While I prefer a part-time appointment, I of course want all the (pro-rated) benefits. That is entirely possible, but some departments don’t want to be bothered or feel that part-timers don’t “deserve” it if they are not going to make a full-time commitment. At one point, I noted that of the 8,000 staff, only perhaps a dozen of us have that kind of appointment, and most of them were senior folks nearing retirement, despite findings from places like Pew that many moms of young children would like part-time employment.
Well, not to go on and on, but that is a taste of it….
“that the over-praising of motherhood is something you need and helps you.”
It doesn’t sound like “over-praising” to my ears. Just praising. Elder Ballard’s 2008 General Conference talk DAUGHTERS OF GOD, for example, was one that resonated with me.
“Those of you in the workplace, exemplify your Savior and help them feel His love; this is the most important work God has for you to do right now.”
Um, that may or may not be true. I don’t honestly believe that when I am in the workplace that it always IS the most important work that God has for me A lot of the time I was in the workplace, I also had commitments as a wife, mother, grandmother or church leader that were the more important things that God had for me to do.

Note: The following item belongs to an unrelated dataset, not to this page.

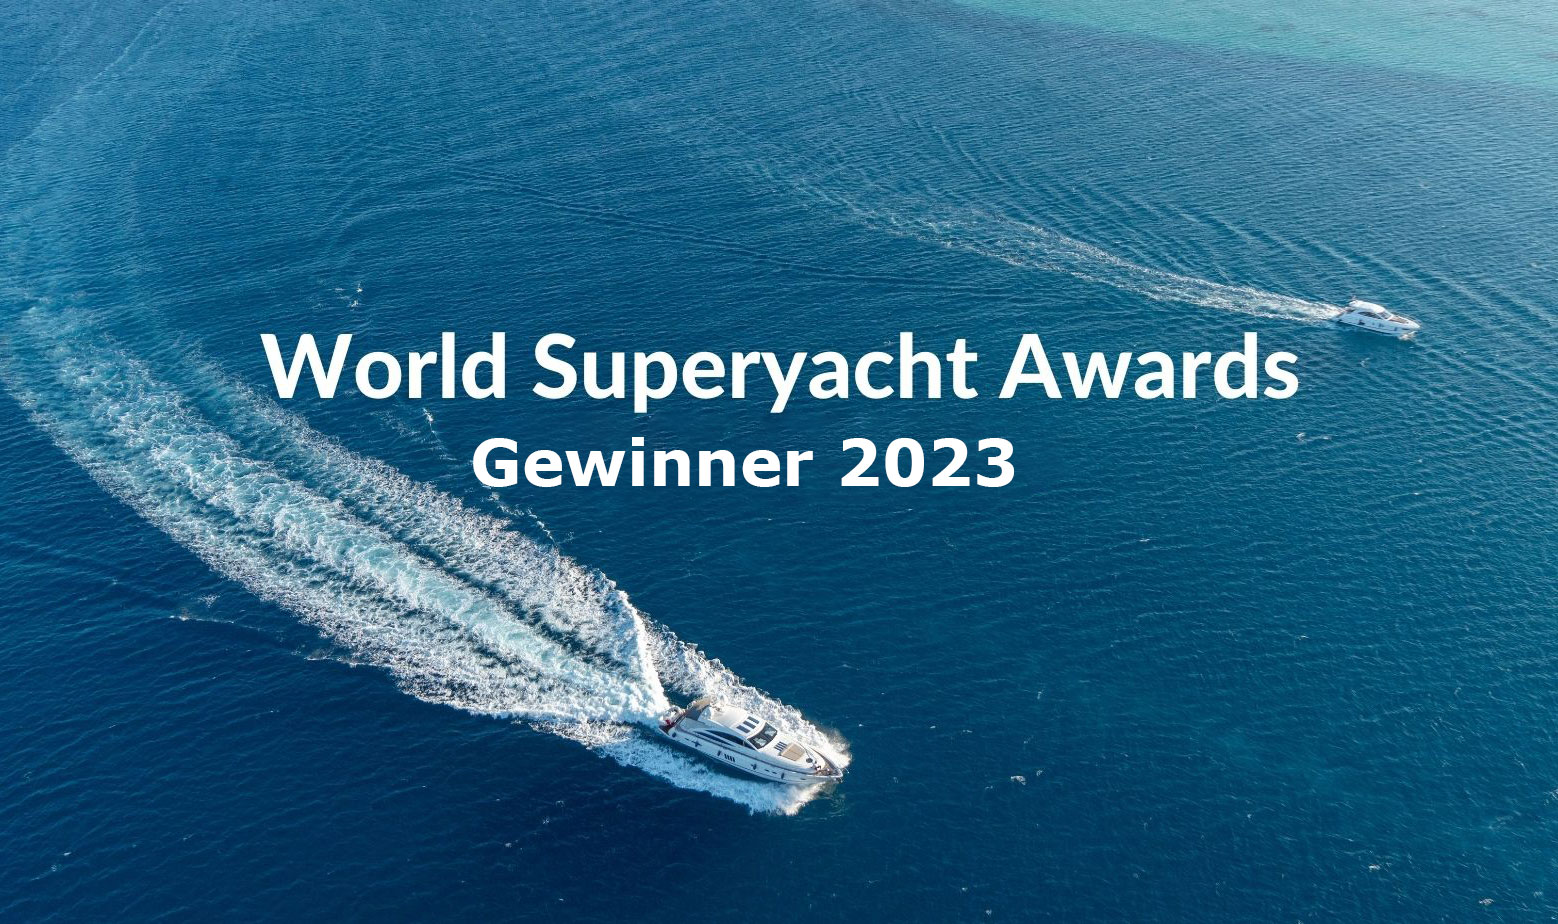 Gewinner der World Superyacht Awards 2023 stehen fest

I don’t think that maternal employment status wins any celestial bonus points or makes one woman more righteous than another. And I hear the church teaching AGAINST such attitudes. As President Monson said, “Some of you stay at home with your children, while others of you work outside your homes. …. Such differences are almost endless. Do these differences tempt us to judge one another?”
I agree, it is all about each of us finding out the path that the Lord would have us take in our life at a particular point in time.
As then-President Beck said, “The question of whether or not to work is the wrong question. The question is, “Am I aligned with the Lord’s vision of me and what He needs me to become and the roles and responsibilities He gave me in heaven that are not negotiable?”
Of course the answer is different for each of us.
To N.W. Clerk:
“I have thought long and hard about the work of women of God. And I have wrestled with what the doctrine of motherhood means for all of us. This issue has driven me to my knees, to the scriptures, and to the temple. . . ” Sheri Dew (Nov 2001)
Obviously she did struggle with being single and childless and what it means to women in the Church.
To N. W. Clerk:
The Church is very quick to put Shari Dew on the main stage whenever single sisters feel undervalued, but the truth is that Sister Dew is the CEO of one of the Church’s big money-making for-profits and probably wouldn’t be able to do so if she were focusing her time and talents on raising children and keeping a tidy home. Shari Dew, as far as I’m concerned, should never be used as a comparison for the many sweet, single sisters who feel left out . . . at least not until the Church makes them all a CEO of one of their companies. (Not saying she didn’t earn it, but I am saying that it is unfair to use her as a comparison.)